Cases involving child abuse — whether physical, emotional or sexual — are complex. Not only because they could scar them for life, but also because many children do not know where and how to voice their grievances. In 2006, the School Education Department launched a complaint cell (044-28273591) to reassure students with a helpline that they could call in case they have a problem in school. In January 2007, the State government issued orders to remove Rule 51 of the Tamil Nadu Education Rules that permitted corporal punishment in schools under specified circumstances. Though teachers and school managements know that corporal punishment is illegal, some teachers say they “helplessly” resort to the practice in an environment where examination results and ranks seem most important.
“Parents themselves come and tell us ‘beat my son, make him study'. It is not easy, we need larger support systems and regular counselling in schools for students under pressure,” says a high school teacher.
Rehabilitating a victim of corporal punishment also becomes an issue in situation where culture of violence is accepted by parents and when the issue of child rights is not sufficiently understood by teachers, says Anuradha Vidyasankar, Head, Southern Regional Resource Centre, CHILDLINE India Foundation.
According to Ms. Vidyasankar, the NGO has received more calls in 2011 than in the previous two years. “In Chennai, calls seeking rescue, restoration and shelter top the list,” she says.
The State Commission for Protection of Child Rights (SCPCR), which the State government is required to set up as per the Right to Education (RTE) Act, offers some promise. Once it becomes functional, children may have a platform to voice their grievances.

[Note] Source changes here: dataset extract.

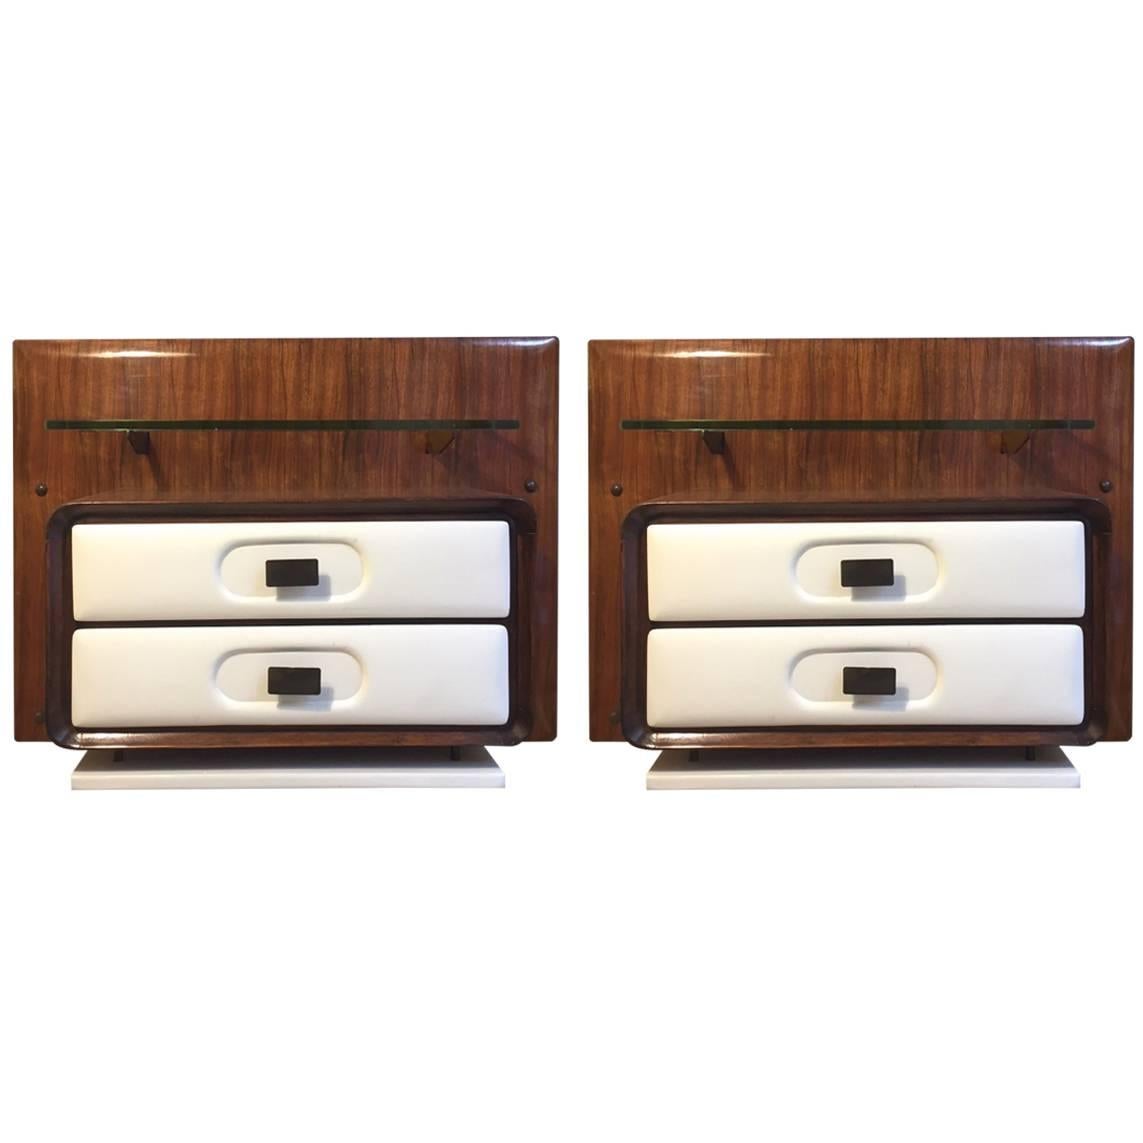 Melchiore Vega Pair of Wall-Mounted Nightstands, 1960

Be it home or outside, sexual abuse is still an issue both parents and school skirt. In many cases, the threat could be nearer home. In a recent case in the city a four-year-old girl was kidnapped by a man in Mogappair East. Her parents and relatives frantically searched for the child but couldn't locate her. Later in the evening public found a man with the child in the area who was handed over to the police. Investigations revealed that he was a paedophile and had misbehaved with many children on various occasions.
Creating awareness
Any organisation that works with children, including a school, tuition centre or an NGO, should have and implement a child protection policy, which should have five components. “How are the employees recruited and screened. Do they give all employees a basic training in child protection? Do they have a code of conduct on how they should behave with children? What is the system in place to report an allegation of abuse? And how should a case of alleged abuse be handled?,” explains Vidya Reddy of Tulir.
While the schools of Chennai Corporation have been playing a proactive role in dealing with the issue, private schools have not been co-operative as often, they are hesitant to even discuss the topic, say activists.
What the say
Sudha Ramalingam, advocate: “We have a good legal system and there are enough laws to punish the offenders but how much do we take advantage. The problem lies in the execution, where the complaint mechanism is either silent or faulty. There should be more sensitisation and teaching about what abuse is. We also need a system in place where we act pro-actively to ensure that the child victim is not exposed again and again and his/her name not revealed. Institutions should also be sensitised as they tend to suppress issues.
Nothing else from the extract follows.